After a lifetime in professional mathematics, during which I have read a lot of proofs, created some of my own, assisted others in creating theirs, and reviewed a fair number for research journals, the one thing I am sure of is that the definition of proof you will find in a book on mathematical logic or see on the board in a college level introductory pure mathematics class doesn’t come close to the reality.

For sure, I have never in my life seen a proof that truly fits the standard definition. Nor has anyone else.

The usual maneuver by which mathematicians leverage that formal notion to capture the arguments they, and all their colleagues, regard as proofs is to say a proof is a finite sequence of assertions that could be filled in to become one of those formal structures.

It’s not a bad approach if the goal is to give someone a general idea of what a proof is. The trouble is, no one has ever carried out that filling-in process. It’s purely hypothetical. How then can anyone know that the purported proof in front of them really is a proof?

(more)

Click the link to read the rest of the article. Also read the comments below the article to see what conversation has already been generated.

I won’t be shy in saying that I disagree with Keith Devlin. Maybe I misunderstand the subtle nuance of his argument. Maybe I haven’t done enough advanced mathematics. Please help me understand.

Devlin says that proofs created by the mathematical community (on the blackboard, and in journals) are informal and non-rigorous. I think we all agree with him on this point.

But the main point of his article seems to be that these proofs are non-rigorous and can never be made rigorous. That is, he’s suggesting that there could be holes in the logic of even the most vetted & time-tested proofs. He says that these proofs need to be filled in at a granular level, from first principles. Devlin writes, “no one has ever carried out that filling-in process.”

The trouble is, there is a whole mathematical community devoted to this filling-in process. Many high-level results have been rigorously proven going all the way back to first principles. That’s the entire goal of the metamath project. If you haven’t ever stumbled on this site, it will blow your mind. Click on the previous link, but don’t get too lost. Come back and read the rest of my post!

I’ve reread his blog post multiple times, and the articles he linked to. And I just can’t figure out what he could possibly mean by this. It sounds like Devlin thoroughly understands what the metamath project is all about, and he’s very familiar with proof-checking and mathematical logic. So he definitely isn’t writing his post out of ignorance–he’s a smart guy! Again, I ask, can anyone help me understand?

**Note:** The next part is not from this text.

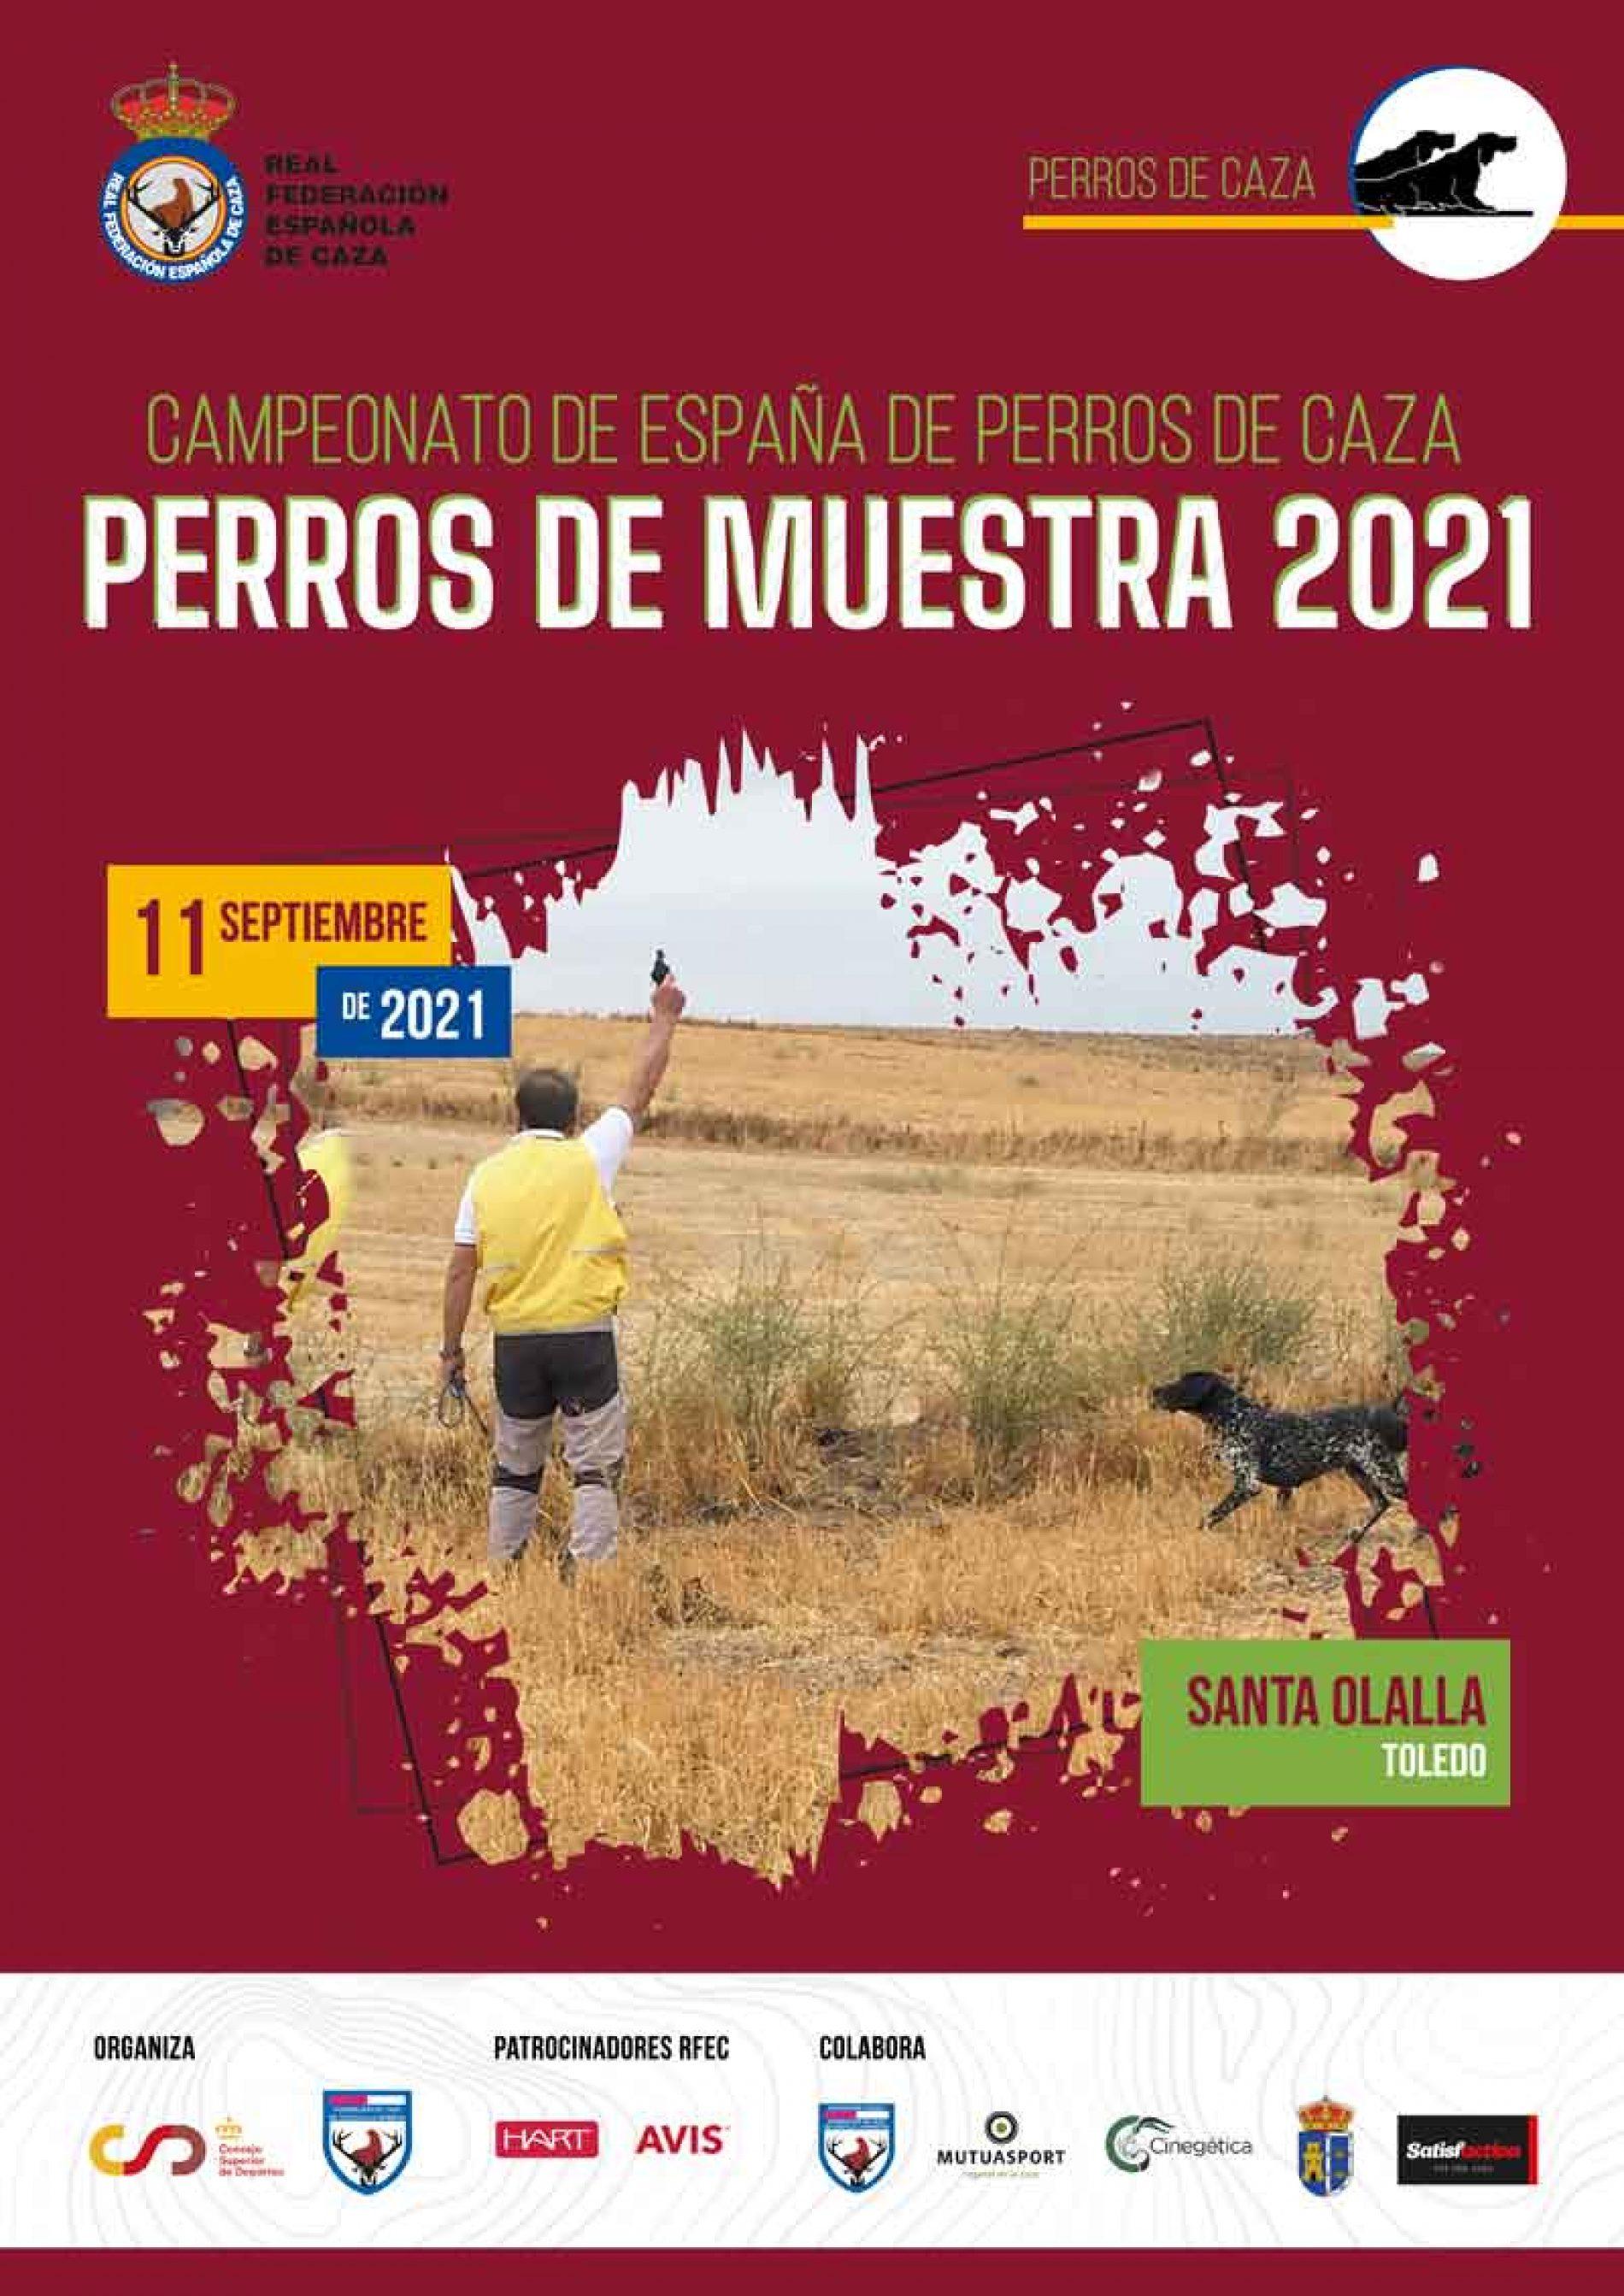 Campeonato de España de Perros de Muestra – Perros de Caza 2021, el 11 de septiembre en Santa Olalla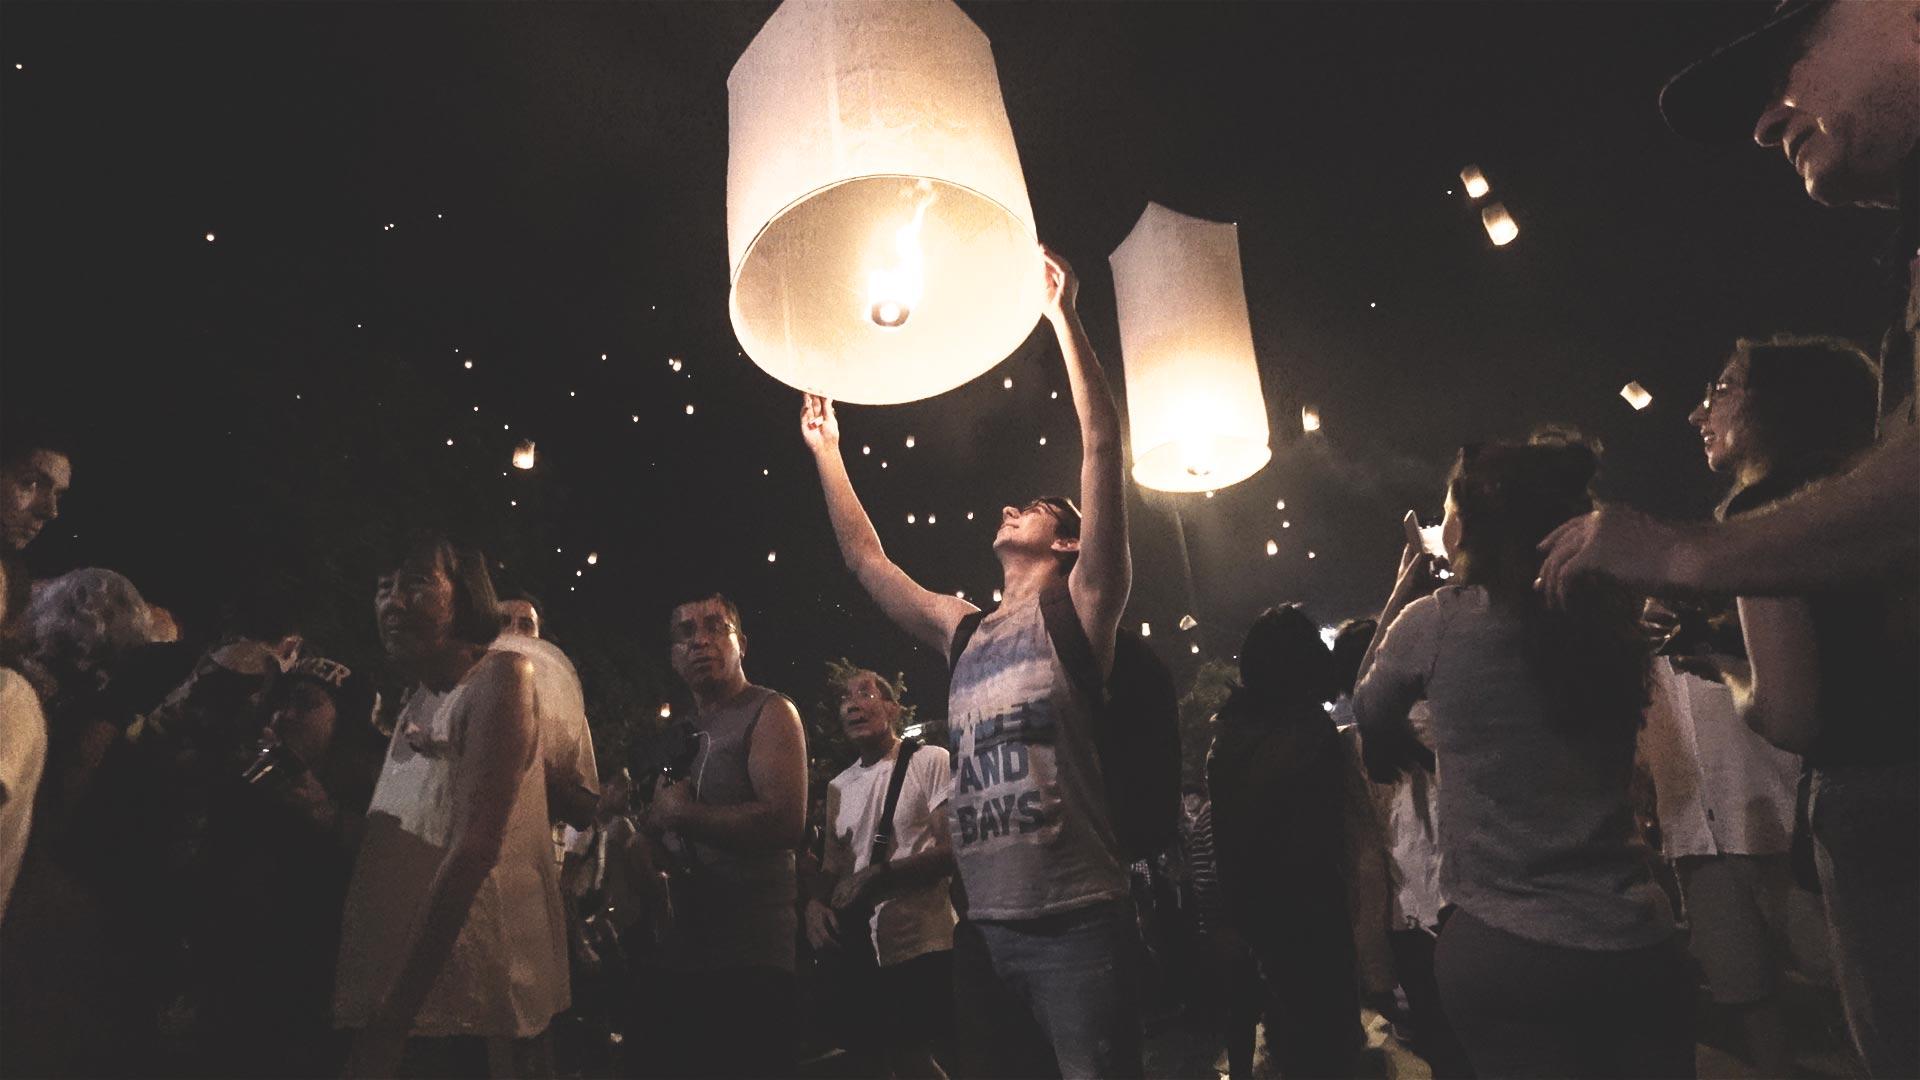 Yee Peng Festival in Chiang Mai - Valentin mit einer Laterne kurz vor dem Aufstieg

I know that a statement is only proven true relative to the axioms of the formal system. If you change your axioms, different results arise (like changing Euclid’s Fifth Postulate or removing the Axiom of Choice). And I’ve read enough about Gödel to understand the limits of formal systems. As mathematicians, we choose to make our formal systems consistent at the expense of completeness.

Is Devlin referring to one of these things?

I don’t usually make posts that are so confrontational. My apologies! I didn’t really want to post this to my blog. I would have much rather had this conversation in the comments section of Devlin’s blog. I posted two comments but neither one was approved. I gather that many other comments were censored as well.

Here’s the comment I left on his blog, which still hasn’t shown up. (I also left one small comment saying something similar.)

Prof. Devlin,

You said you got a number of comments like Steven’s. Can you approve those comments for public viewing? (one of those comments was mine!)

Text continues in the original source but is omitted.